Bici Truccate, chiusa per non luogo a procedere l’inchiesta in Francia: Per Jean-Christophe Péraud “al 99% non c’è nessun motore in gruppo”

Il tanto temuto Doping Tecnologico non è stato trovato. Secondo quanto rivela oggi l’Equipe, l’inchiesta che era stata avviata in Francia per determinare se vi era stato un patto di corruzione al più alto livello internazionale, coinvolgendo corridori di primo piano, squadre, aziende e autorità del ciclismo, è stata chiusa con una sentenza di non luogo a procedere. Partita al termine del 2017 dopo che qualche mese prima era stato trovato in Francia un amatore che faceva uso di una bici truccata, un anno dopo quello che resta sinora l’unico caso a livello di corse ufficiali, ovvero quello della giovane u23 belga Femke van der Driessche durante i mondiali di ciclocross di Zolder. Condannata in seguito a sei anni di squalifica, la giovane resta l’unico ciclista ad oggi squalificato per Doping Tecnologico.
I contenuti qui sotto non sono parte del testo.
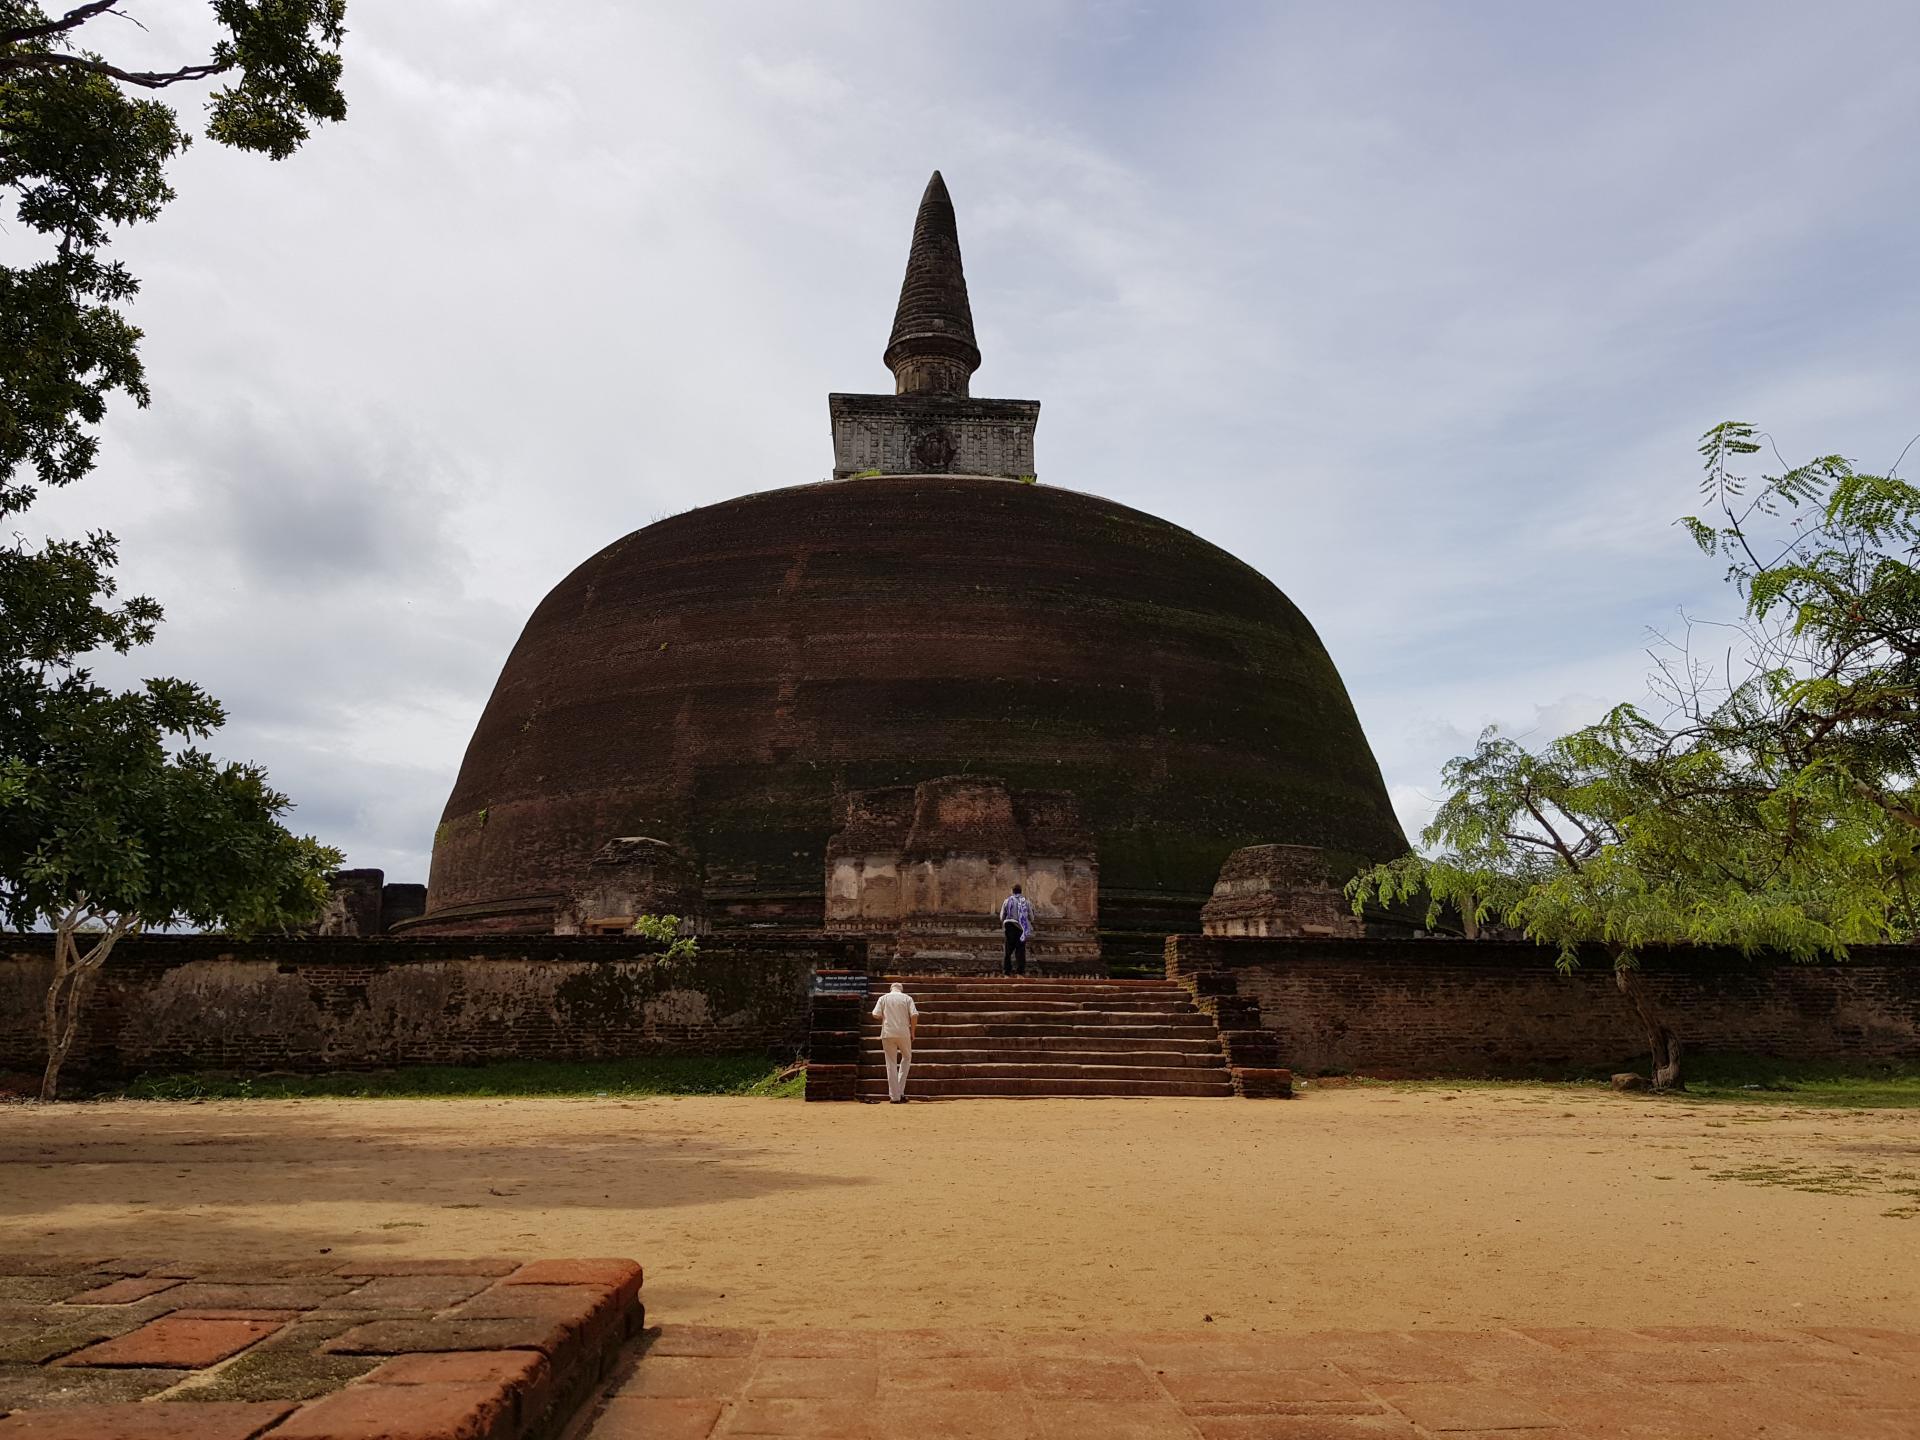 Ступа Ранкот Вехера, Полоннарува, Шри-Ланка.
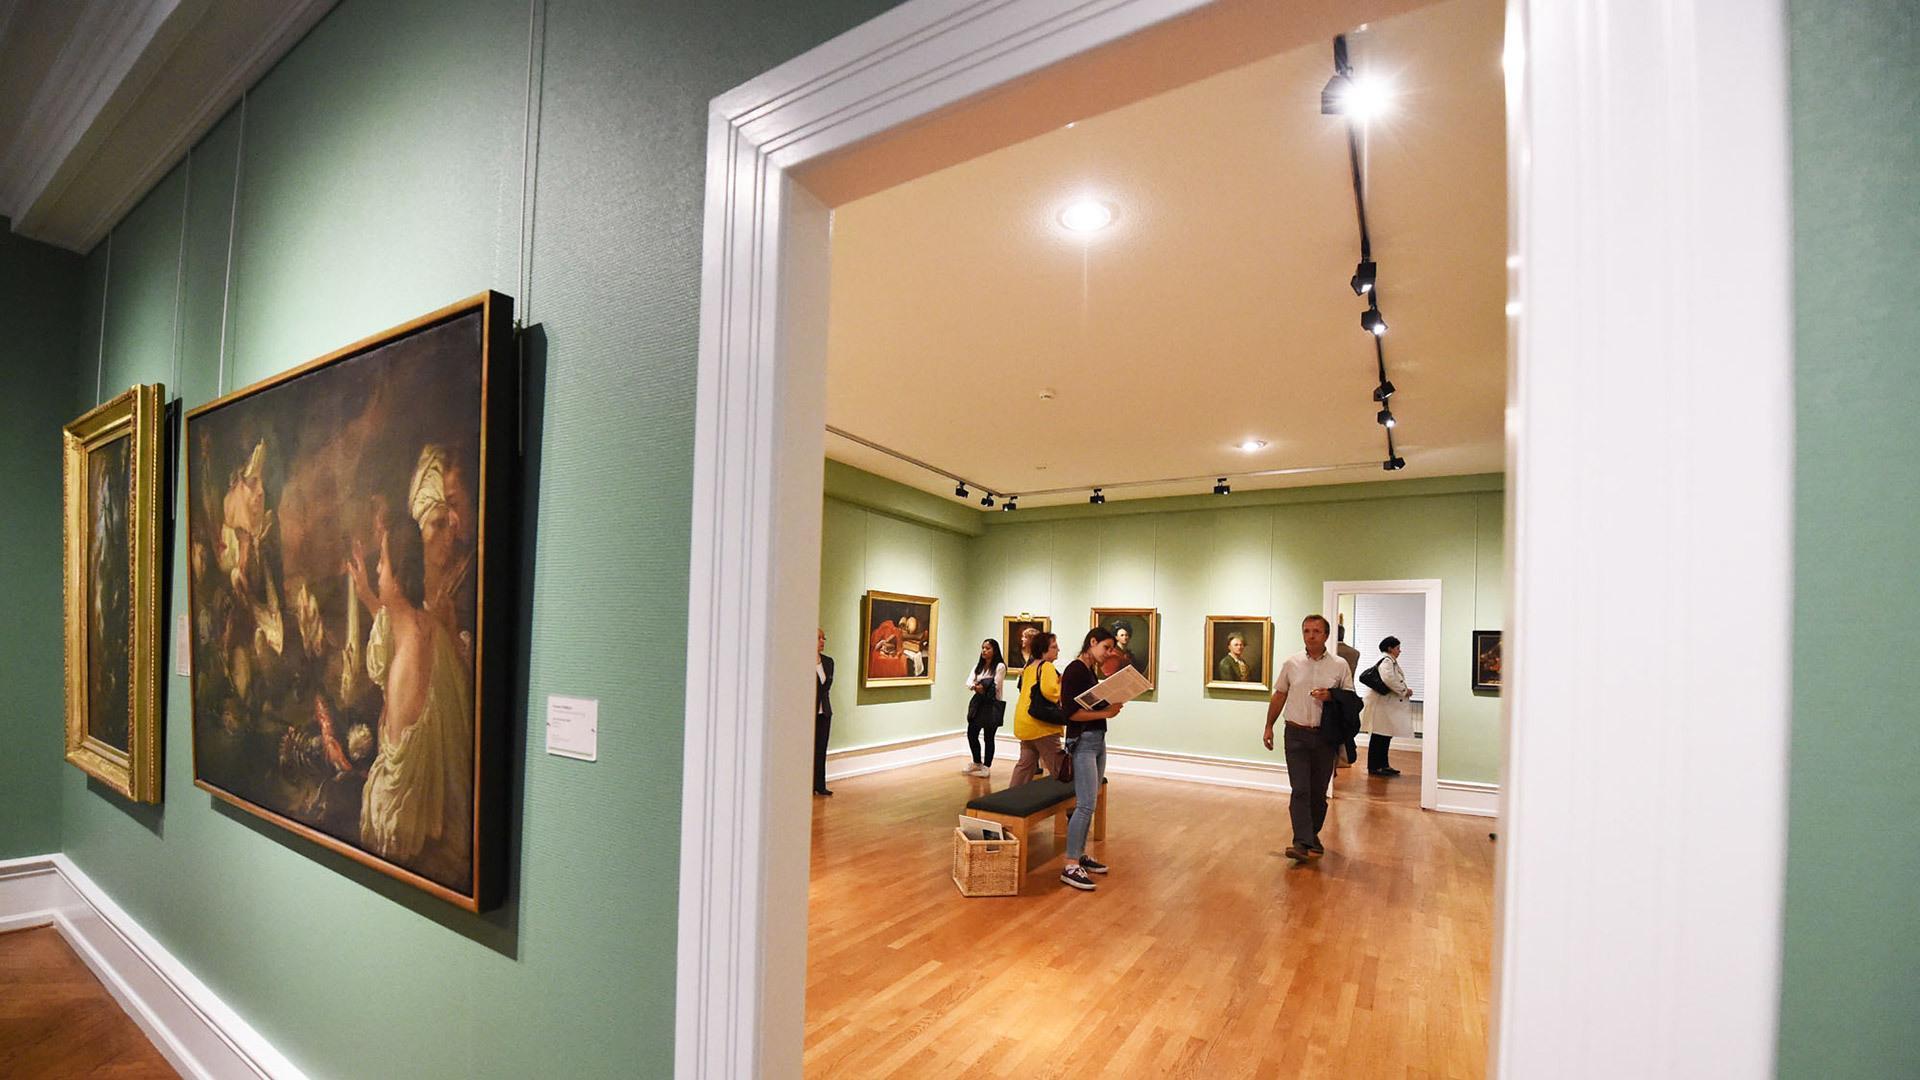 Le Musée des Beaux-Arts de Mulhouse : ouverture le 10 juin © Photo : Catherine Kohler

Nel frattempo l’UCI si era comunque mossa, specialmente dopo l’insediamento di David Lappartient che aveva fatto del tema uno dei fulcri della propria campagna. Aveva dunque istituito una apposita commissione, presieduta da Jean-Christophe Péraud. Numerosi i sospetti che nel frattempo si sono riversati per alcuni filmati, spesso incompleti, in cui si vedeva la ruota dei corridori muoversi in maniera sospetta, con anche le Iene ad occuparsene in Italia. Da allora sono stati inseriti numerosi controlli tramite scanner portatile, videocamere termiche o tramite dei tablet che hanno visto commissari UCI aggirarsi in partenza e arrivo per verificare le bici dei partecipanti. Malgrado le polemiche e alcune inchieste abbiano nel frattempo portato ad alcuni dubbi riguardo l’efficacia di questi strumenti, anche l’inchiesta dei giudici transalpini – che hanno parlano anche con Stefano Varjas (l’autonominato inventore delle bici a motore) ritenendolo poco affidabile e piuttosto incline al millantare – non ha portato ad alcun sospetto di utilizzo.

Una teoria confermata anche dalle parole dell’ex professionista francese, che in quanto responsabile della commissione dedicata aveva ammesso la perfettibilità dei controlli. Tuttavia, secondo lui, “al 99% non c’è alcun motore in gruppo“. I controlli comunque continueranno in corsa, con i commissari UCI che proseguiranno a verificare tutte le bici degli atleti in gara.